Look for the threat and react to it. Plain and simple. Color should have no bearing on it. To let it just puts your life and others in danger. If you "carry" you should really consider whether that is a good thing or not. Maybe a little more training on threat assessment might be in order, eh?


----------



## sgtmac_46 (Apr 8, 2008)

Empty Hands said:


> I never said I agree with it. I haven't reviewed the data, so I would have no basis to.
> 
> However, if you reviewed the data, you never said so before you dismissed it, which means you have no basis to dismiss either.
> 
> You have put forth no evidence for this, such as from the research paper or other publications. Your incredulity is not science. Your preconceptions are not science. Only data is science, and the researchers have provided some, while you have provided none. Guess who wins?


 You apparenly have little understanding of science.....since you believe that a thing is true until proven otherwise.  Quite the contrary, skepticism is a basic component of science, and the conclusion that this simulator is proof positive of 'racism' is absurd.....are you tracking?




			
				Empty Hands said:
			
		

> Black people (young males specifically) are criminals and are jailed at a much higher rate than other groups. It would not be particularly surprising then if they were more likely to be perceived as criminals (i.e. armed) than other folks. That is not the same as wanting to shoot them. Merely that they are perceived as a more likely threat.
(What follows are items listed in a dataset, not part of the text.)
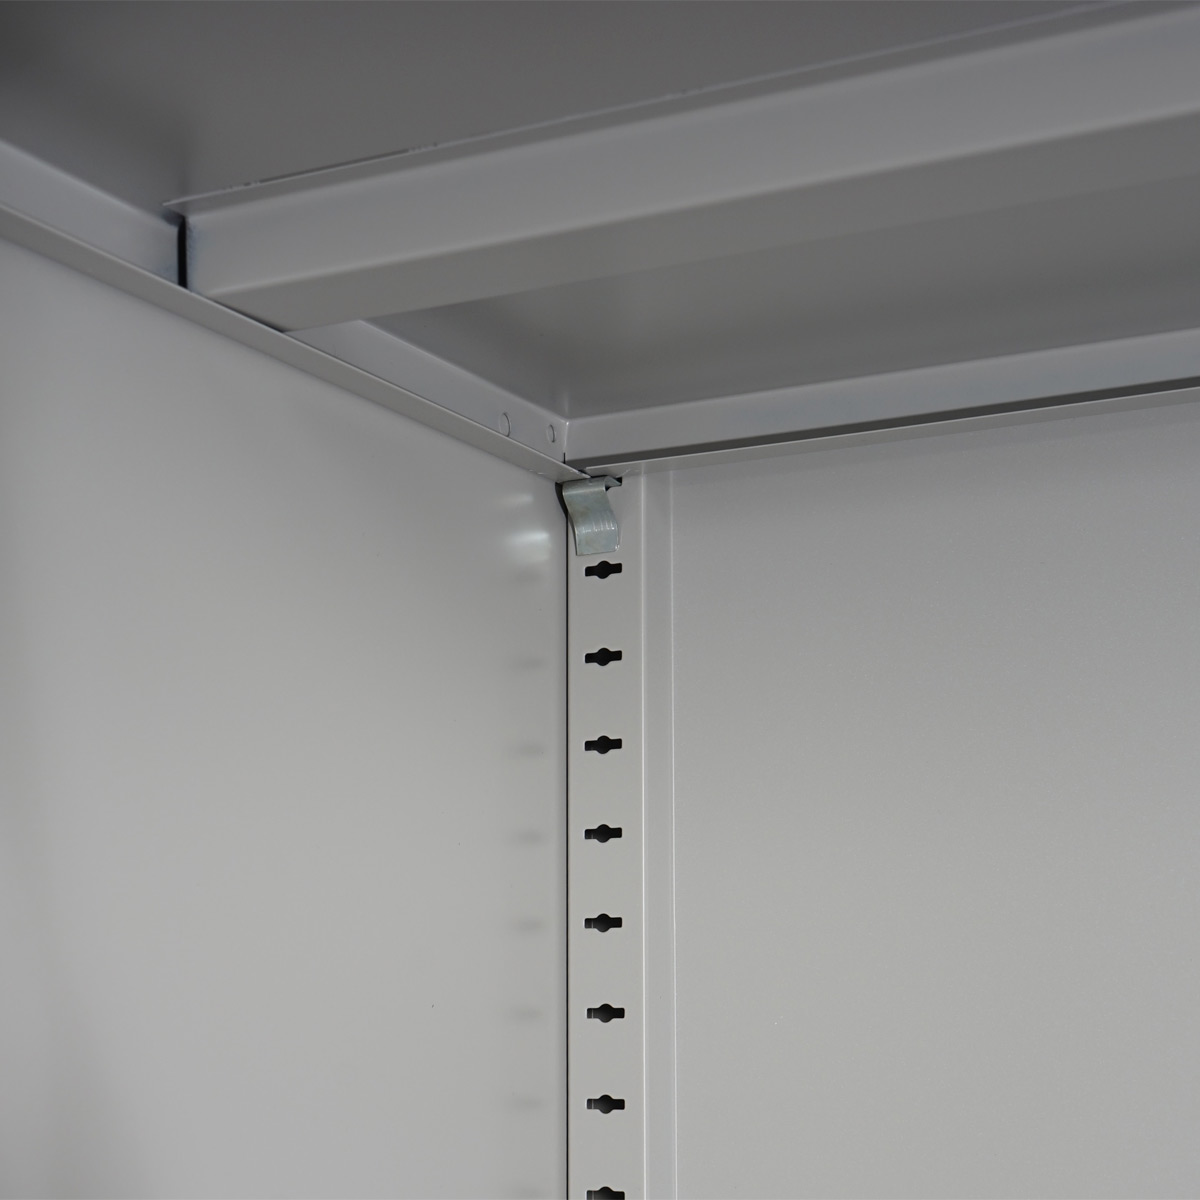 Aktenschrank Boston T130, Metallschrank Büroschrank, 47kg 2 Türen ...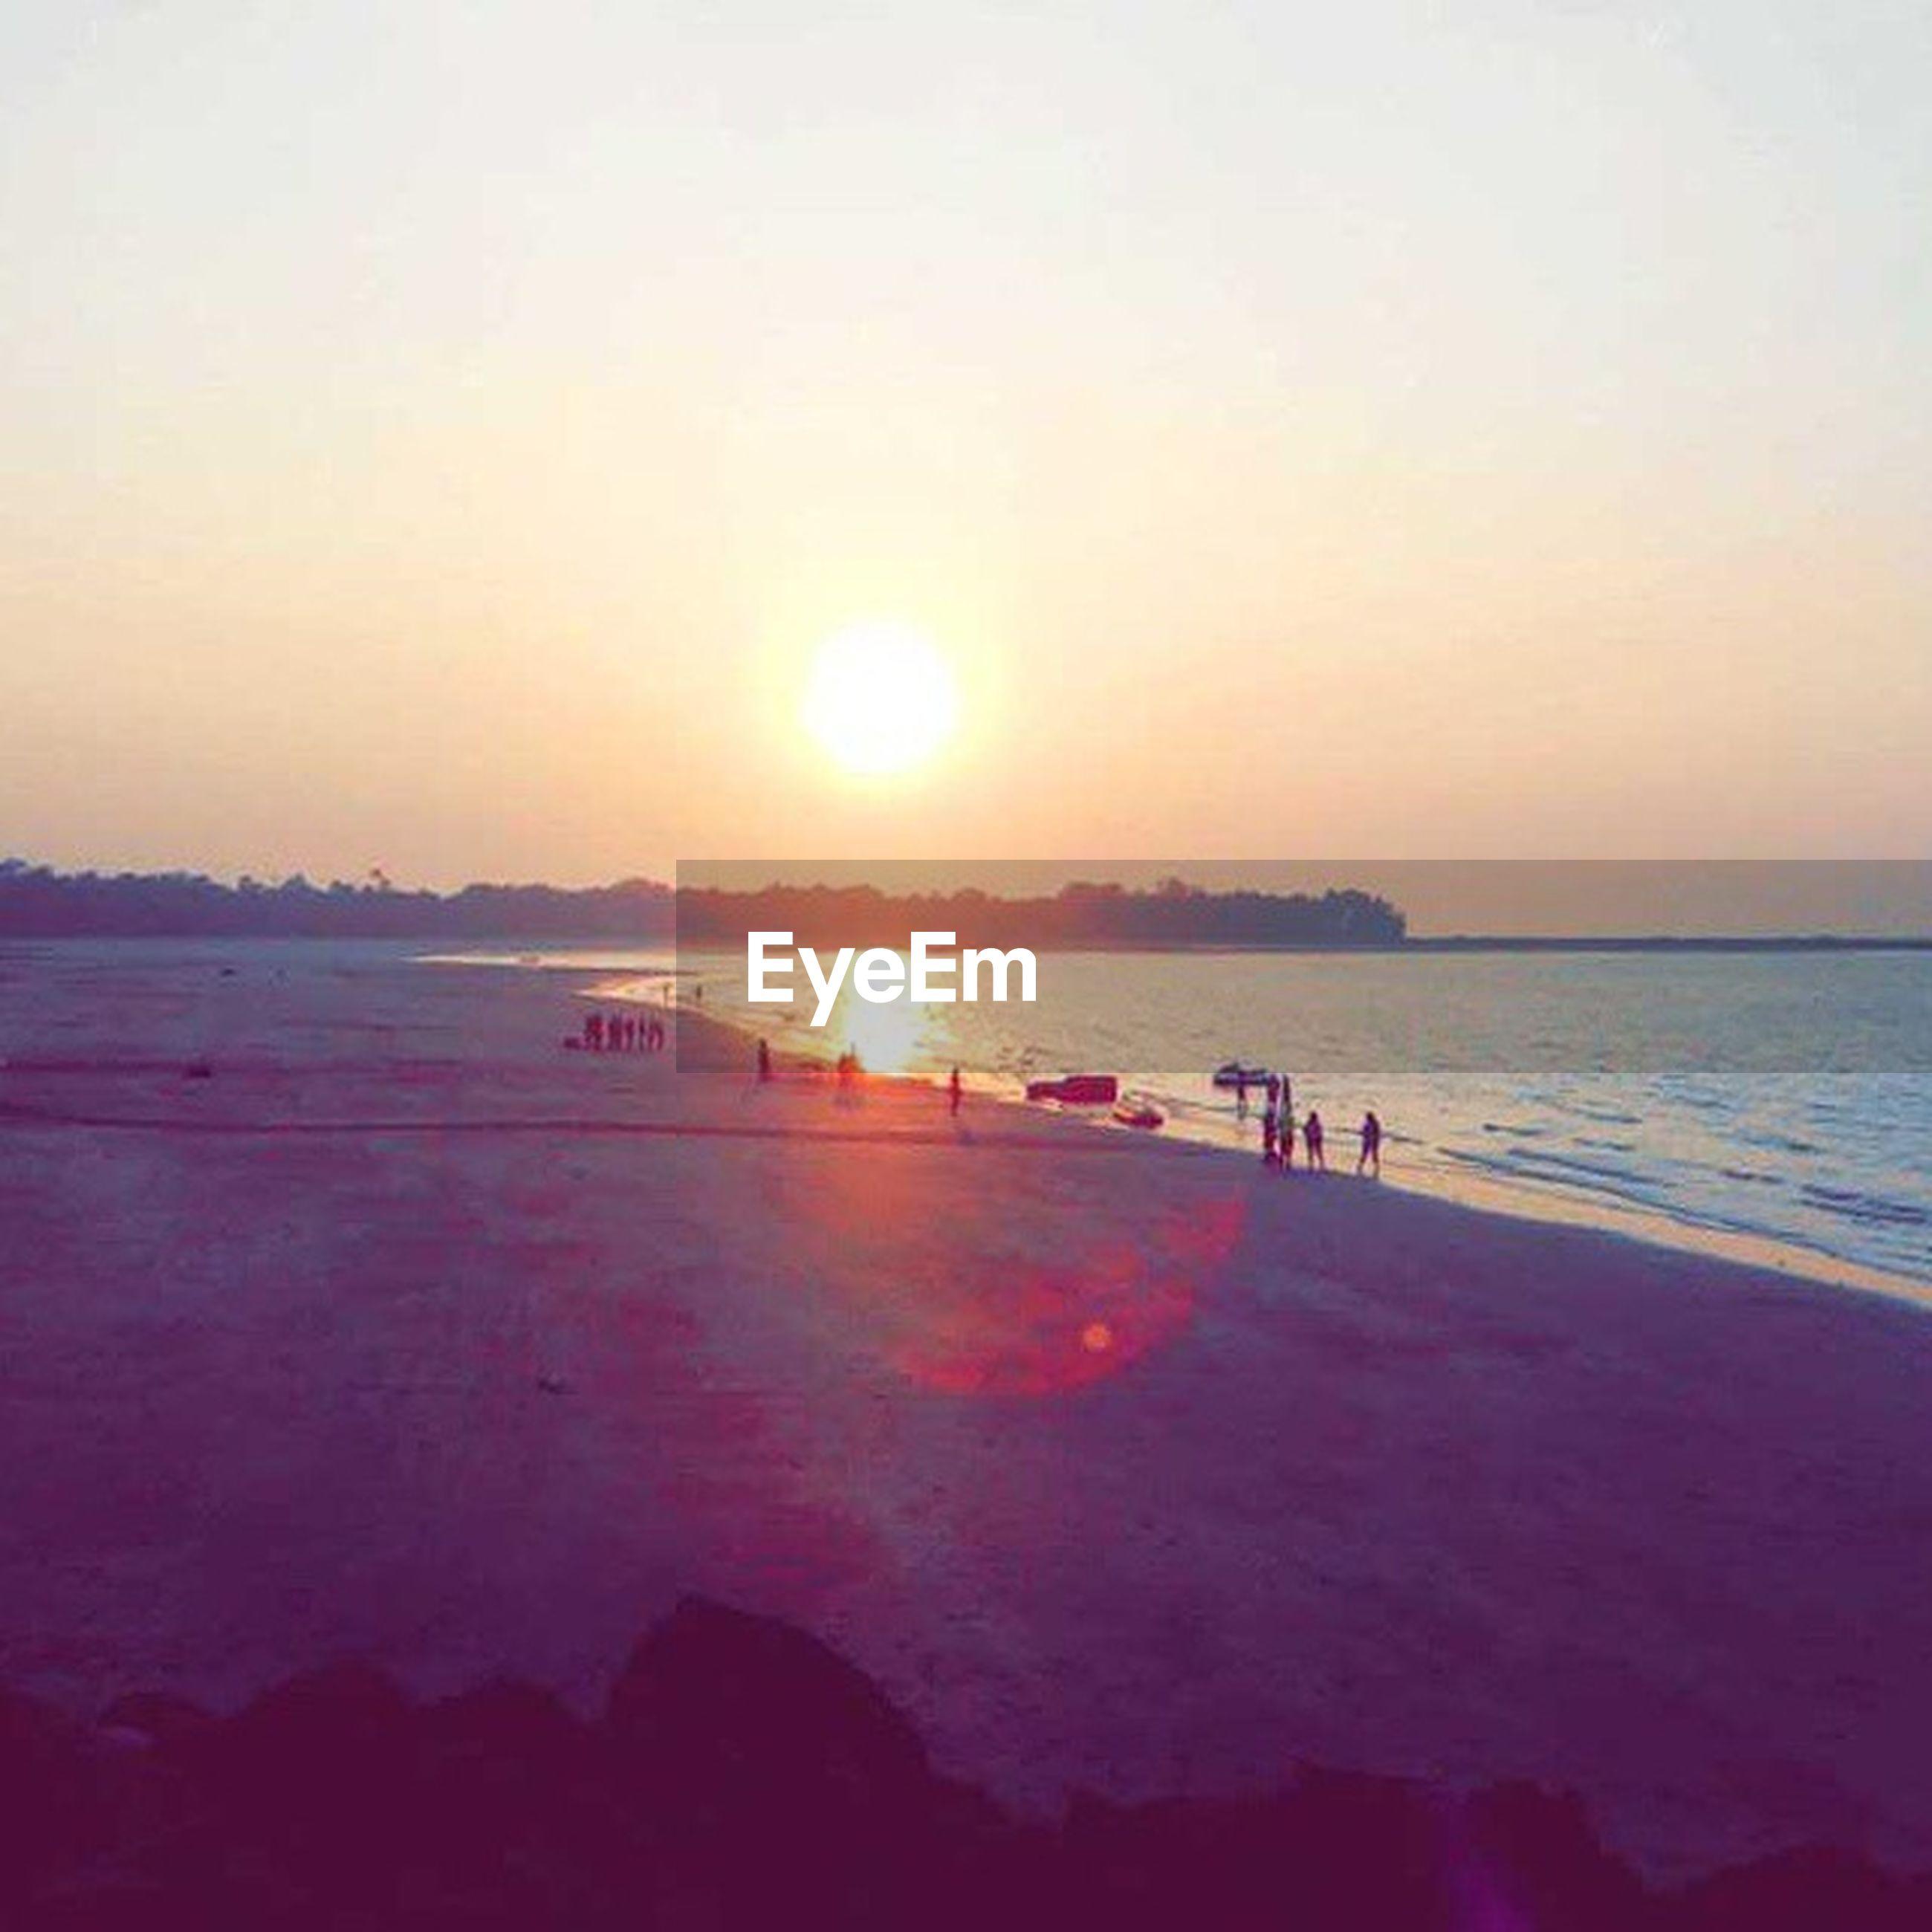 sunset, sun, water, sea, scenics, tranquil scene, beauty in nature, beach, orange color, tranquility, sunlight, nature, idyllic, silhouette, reflection, clear sky, shore, sky, sunbeam, horizon over water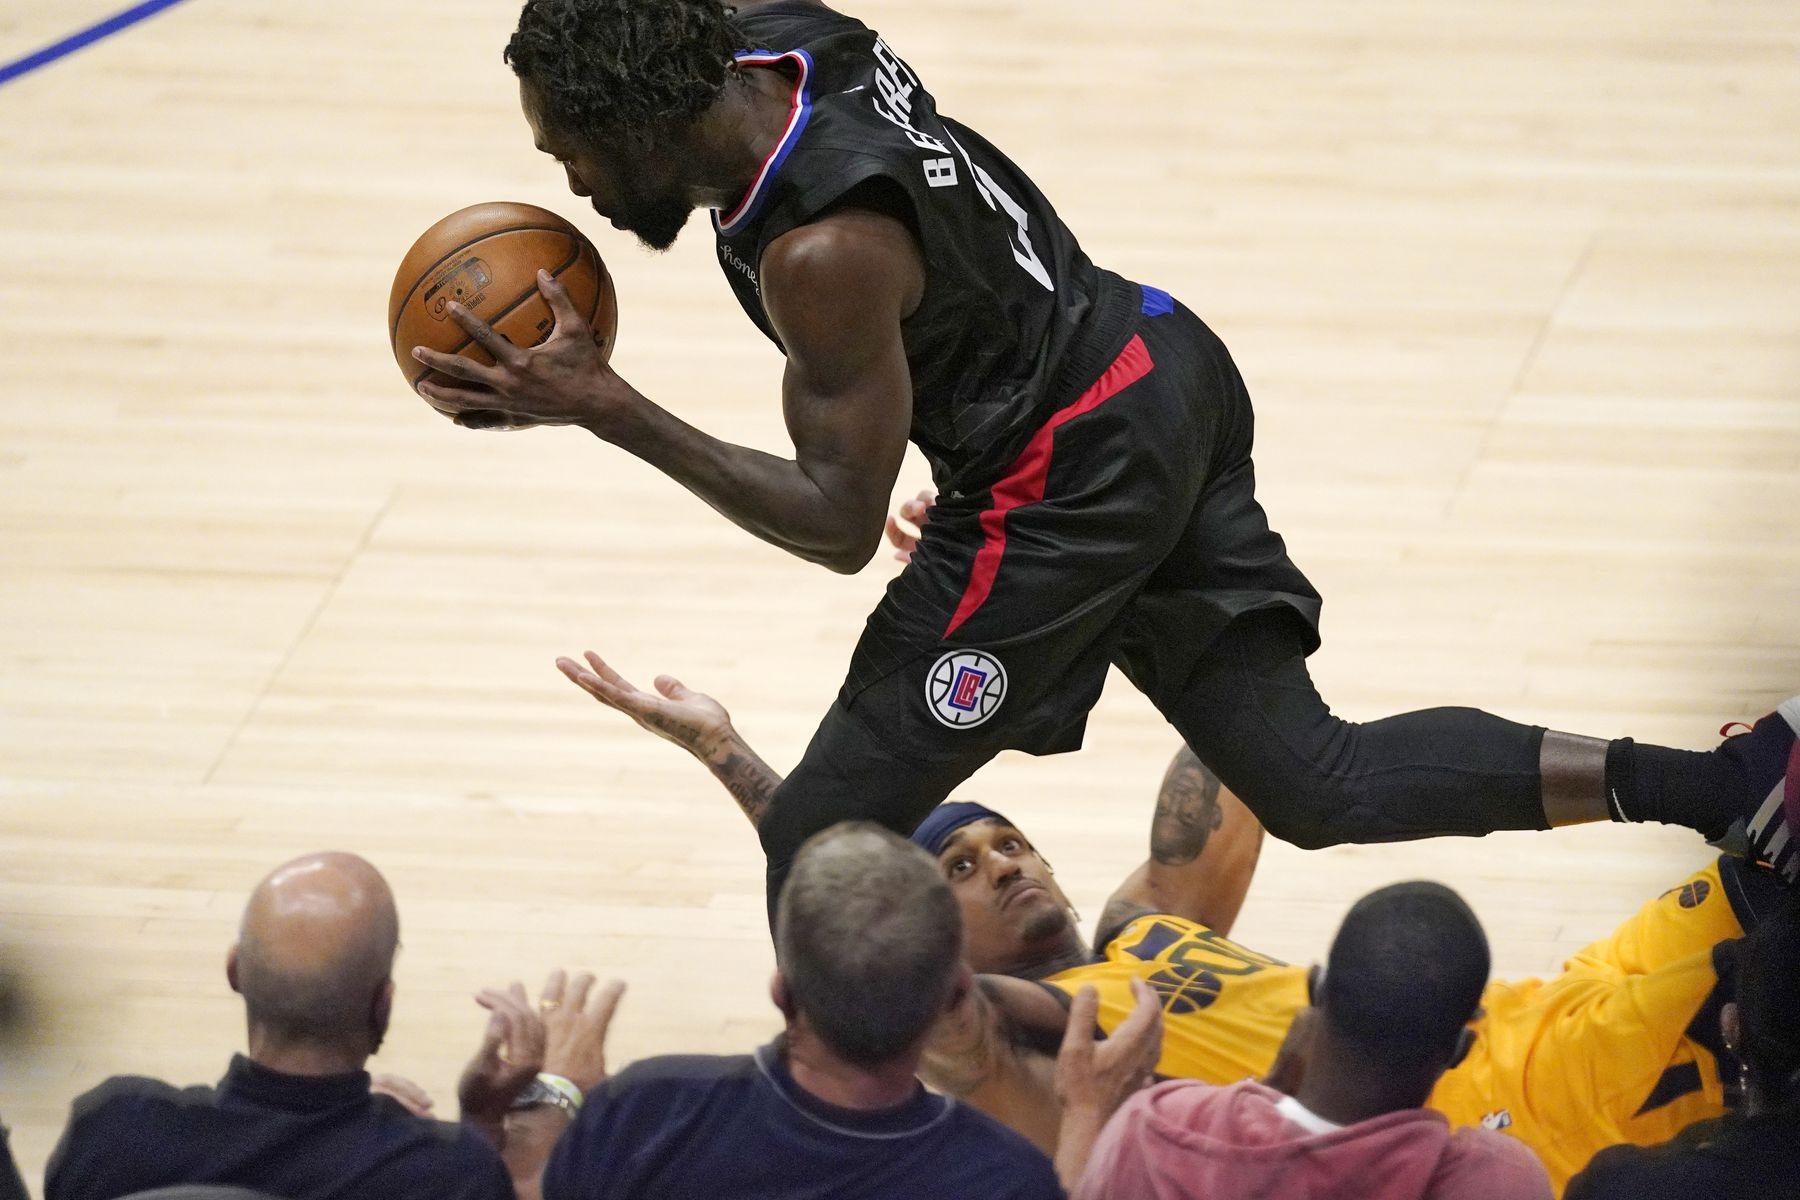 Los Angeles Clippers guard Patrick Beverley, top, dribbles as Utah Jazz guard Jordan Clarkson falls

 So your hypothesis is that in a fraction of a second, the human brain makes a racist decision that it wants to shoot black people over white people.....ahuh....



			
				Empty Hands said:
			
		

> Of course, that pesky data again would be needed to support any hypotheses.


 That 'pesky' data would have to collected in an unbiased way.....and if this simulator were simply testing for differences in whether a black person is shot faster than a white person, then why the low light low resolution pictures to make visual acquisition of weapon difficult?





			
				Empty Hands said:
			
		

> Data beats logic, every time. You will never determine anything for certain by only using logic. Quantum mechanics would never have been discovered if we only relied on Boolean logic, and that is only one example.


 .....DATA means NOTHING without a logical interpretation of it....DATA does not speak for itself.  Moreover, simple statistics can be used to intentionally LIE!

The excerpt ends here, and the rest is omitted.